Depression affects each of us at one time or another and to one degree or another.
No one is immune to depression, not preachers, not prophets, not parishioners, not parents, not children.
Elijah exhibits four symptoms of depression: He is irrational, he has defeated Jezebel with God’s involvement, yet still he despairs.
He has become a loner. He let his servant go, and has fled to the wilderness. He has cut himself off from support systems.
He is exhausted, physically and emotionally drained. The battle was so great, and followed years of work as God’s prophet.
He is stressed to the point of breaking. He has no inner support reserves to draw upon. There is an old saying: “You will break the bow if you keep it always bent.”..... In other words, If you’re living under constant, relentless stress, you’ll finally break under the pressure. You must give yourself time for rest and refreshment.
Finally he basks in self-pity, “I’m alone…” he wasn’t really, but it felt that way.
When depression shows itself in our lives, or the lives of those we love we love, it can be easy to take life on the lam, to flea, to run away. Yet that is not the road to health and recovery. So it is important to know the characteristics of depression so that we may recognize them in ourselves or our family.
Depression can appear as:
Feelings of hopelessness and despair.
Long-term feelings of sadness and apathy.
Loss of perspective concerning life, work, family, etc.
Changes in physical activities...... appetite, sleep patterns, sex.
Withdrawal from other people.
Avoidance of problems.... escapism.... thoughts of suicide... desire for death.
Hypersensitive feelings about what others say.
Difficulty in handling emotions, especially anger; and Guilt.
Elijah’s story offers us insight into healthy ways to address depression. In this middle story, Elijah found ways to be renew his strength for the journey ahead:
1. God gave Elijah a place to rest.
He was weary, emotionally spent and spiritually drained.

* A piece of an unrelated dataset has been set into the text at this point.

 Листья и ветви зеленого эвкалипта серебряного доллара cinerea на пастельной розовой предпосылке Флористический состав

Have you ever been there? Are you there now? Find a place to rest.
2. God fed Elijah.
Yes, here it is physical food, but we are also fed by reading the Word of God and the grace we can find in poetry or a nourishing story. When you are being bashed around, take the time to feast on scripture and the beauty that can be found in the words of poets..
3. God spoke to Elijah.
He sent an angel to minister to Elijah to feed him, to give him rest, and to give him a fresh Word from God. Who is an angel, a Samaritan, that can reach down to you, and nurture you? Those are the angles God sends, and the very ones to keep close at hand.
D. Some Practical ways to combat depression:
1. Eat Right and Exercise
Avoid sugar and caffeine.... get more immediate energy, but also creates anxiety.

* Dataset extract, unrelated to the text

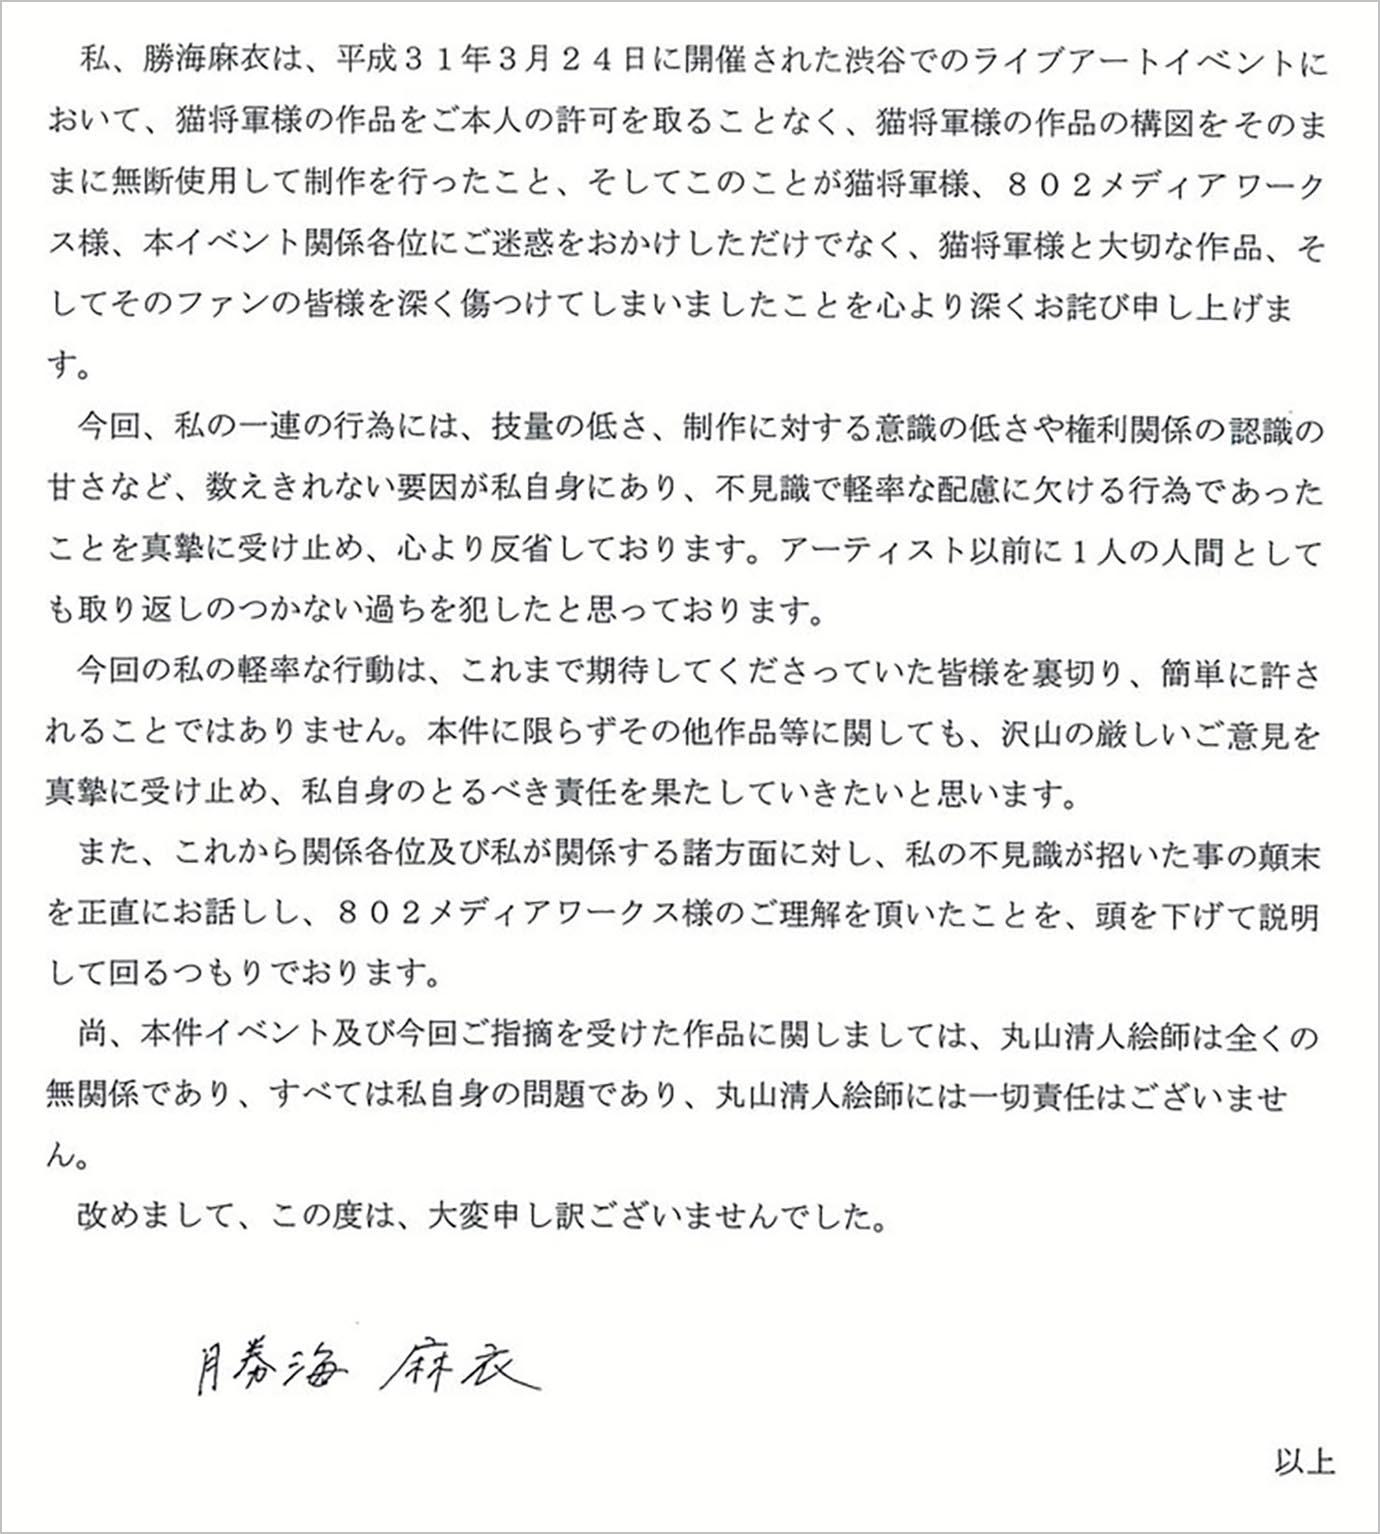 katsuumi-mai-shazai1

Avoid alcohol.... extreme depressant
A. It releases endorphines which are natural mood enhancers in the body.
B. You rest better at night when you exerted yourself in the day.
2. Get enough Light/Sunshine
Melatonin is a substance that promotes relaxation, but also is a physical depressant.
Melatonin is produced in the body while in a dark environment.
Depression increases in the winter........ Get out of the house and get some sunshine!!
3. Get actively engaged in something you enjoy!
Find a new hobby.
Do something creative and fun.
Find a new purpose in your life!
4. Be Social.
Depression leads to a desire to be alone.... which only perpetuates the problem.
Force yourself and design your life to where you have to mingle with other people in a vital way.
5. Prayer/Meditation/Bible Study/Reflective Reading
God still speaks to those who diligently seek God, in scripture and in devotional reading such as poetry.
6. Minister to others!
Nothing takes your mind off your own problems quicker than helping other people with their problems.
7. Medical/Professional Help.
Depression can also be caused by a chemical imbalance.
There is no shame in taking medicine.
There is no shame in seeking the wisdom and knowledge of someone wiser. Particularly professional medical personnel.
The only shame is wasting a single day wallowing in depression when God doesn’t intend for you to do so. As Elijah discovered under his broom tree, God is present for you and will nurture you through whatever befalls you on the journey ahead.